**Directions for this task**
Do not repeat pictures. Repeat exactly the lines of the listing below from its first line through the line with "This rare pair".
The data START
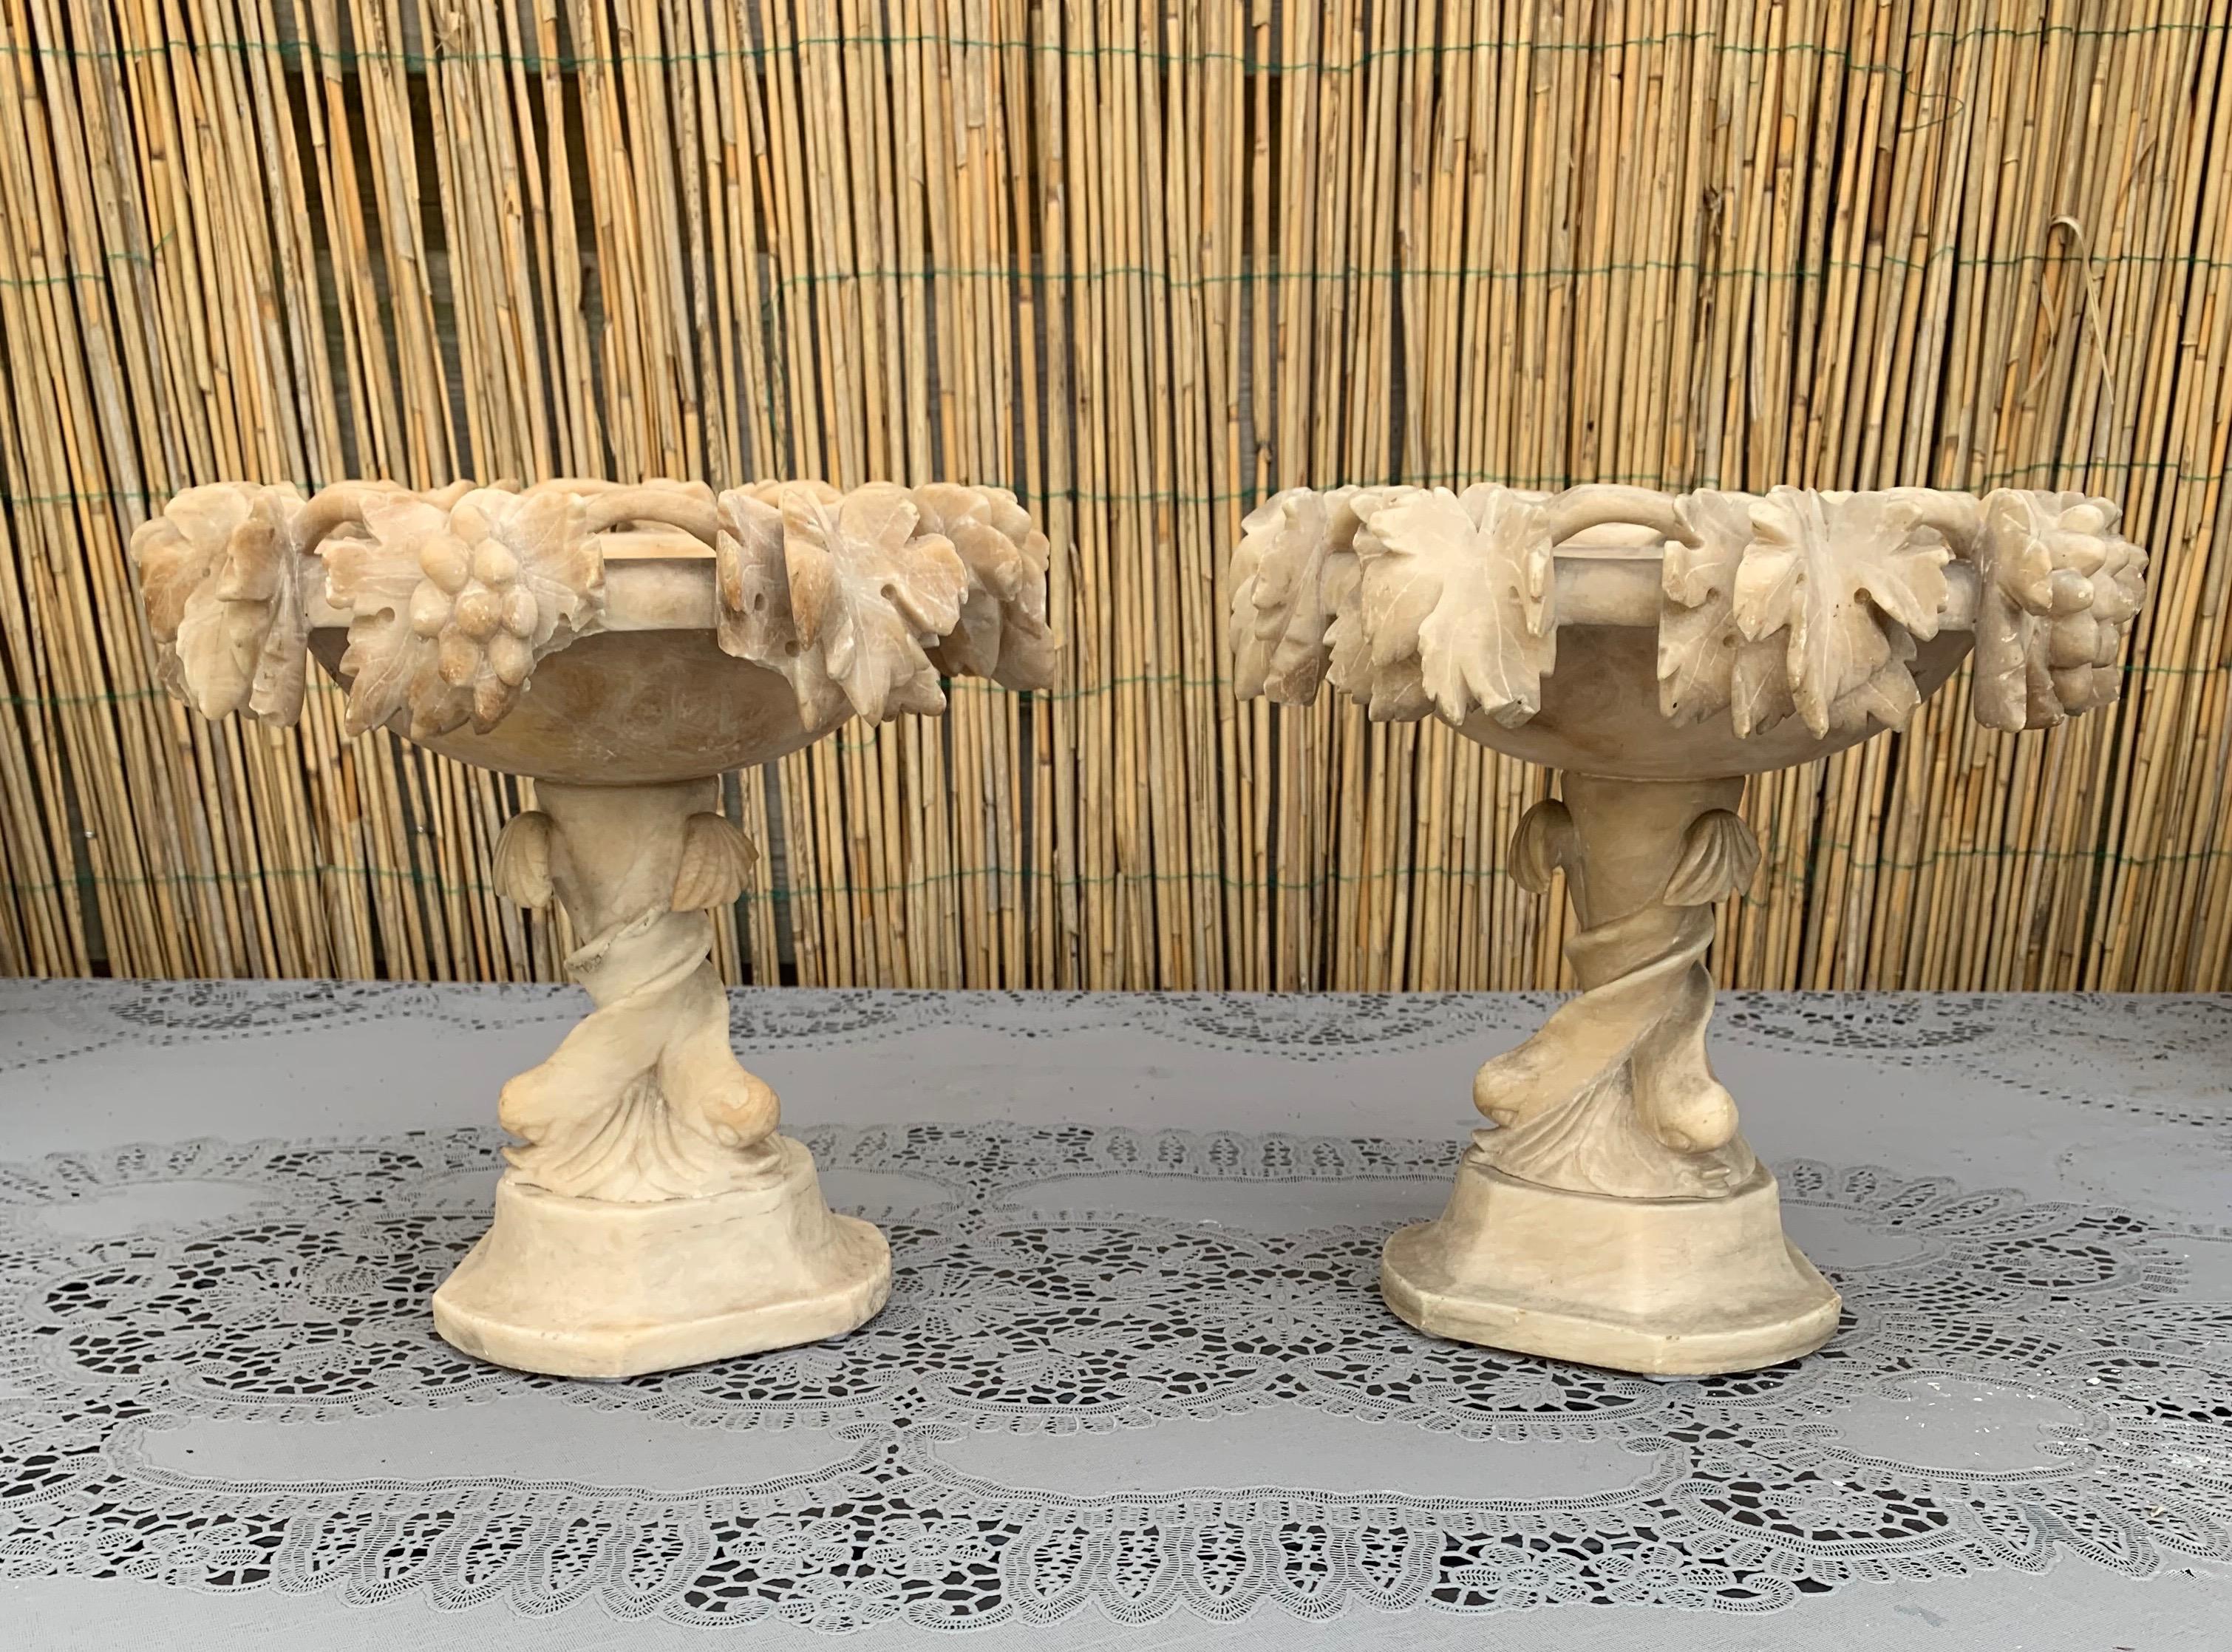 All handcrafted out of alabaster these stylish & decorative tazzas make great centrepieces.

This rare pair of 19th century tazzas comes with overhanging wine branches all around the circular tops. Finding this pair of Renaissance Revival tazzas
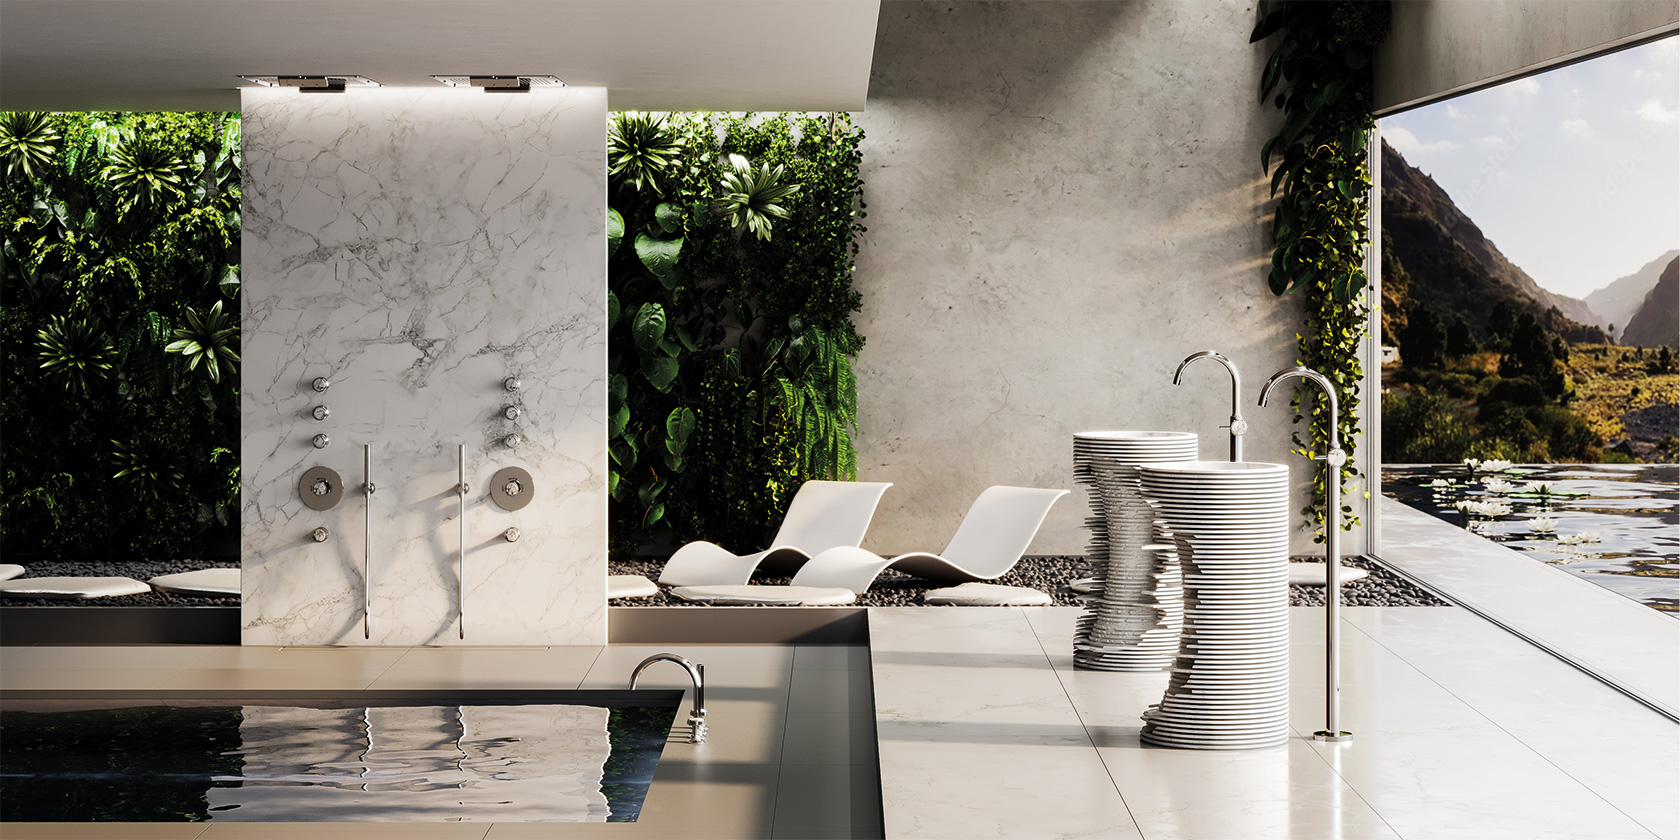 Inspiration Spa – Welcome to Jörger's Wellness Oasis with “Valencia” in Platinum with White Turquoise
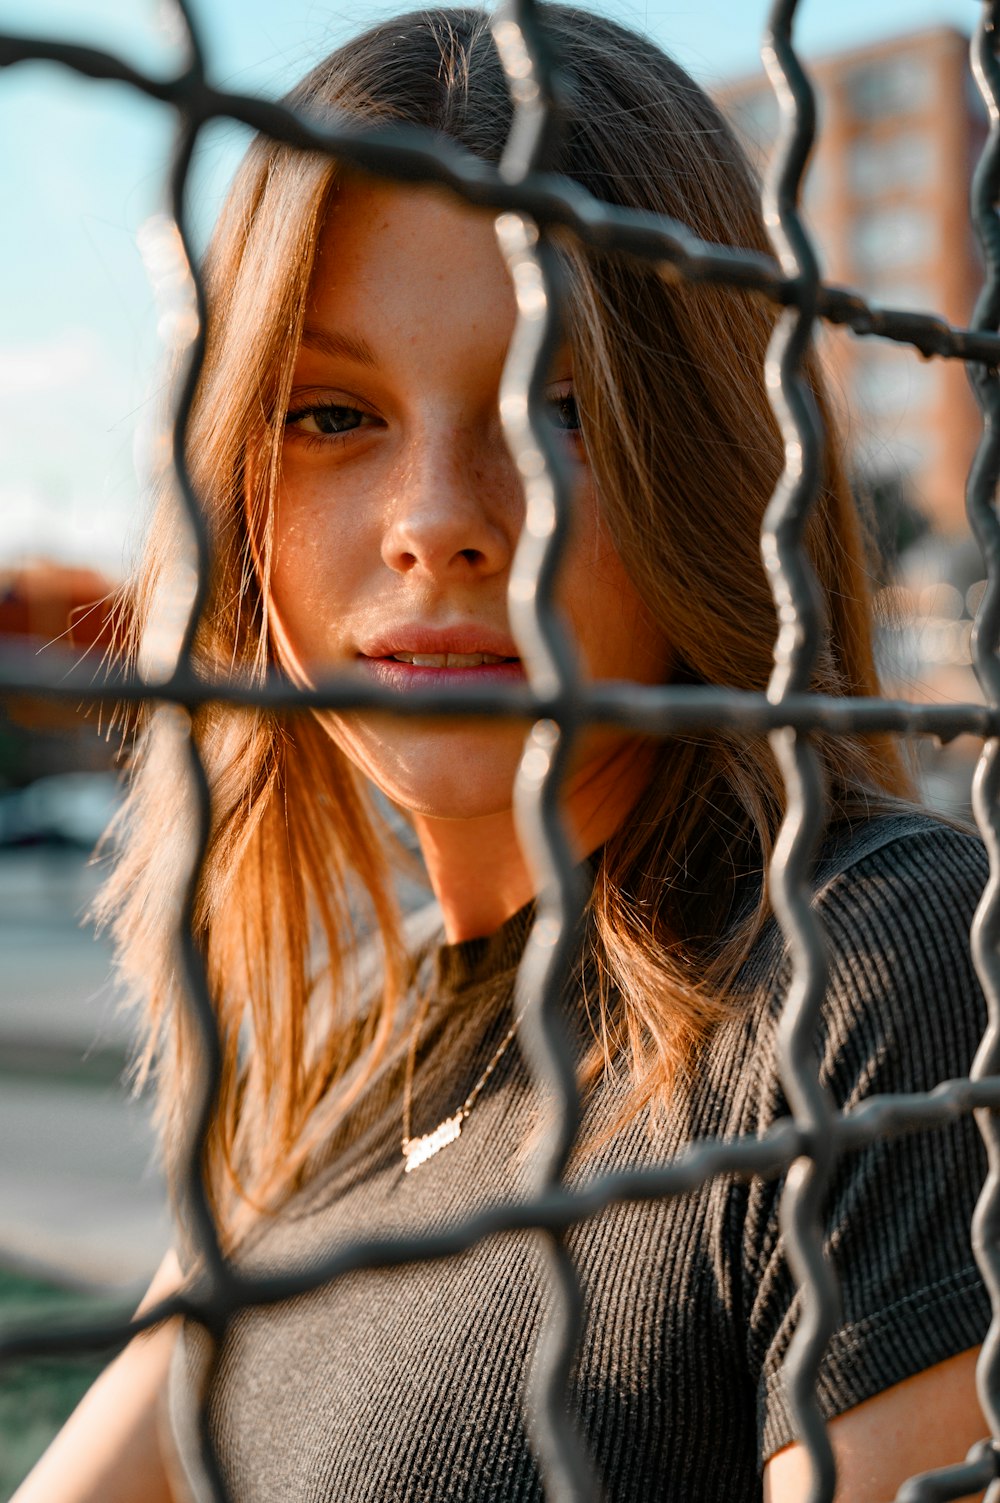 woman in black and white striped shirt leaning on gray metal fence during daytime
The data END
**Solution for this problem**
 All handcrafted out of alabaster these stylish & decorative tazzas make great centrepieces.

This rare pair of 19th century tazzas comes with overhanging wine branches all around the circular tops. Finding this pair of Renaissance Revival tazzas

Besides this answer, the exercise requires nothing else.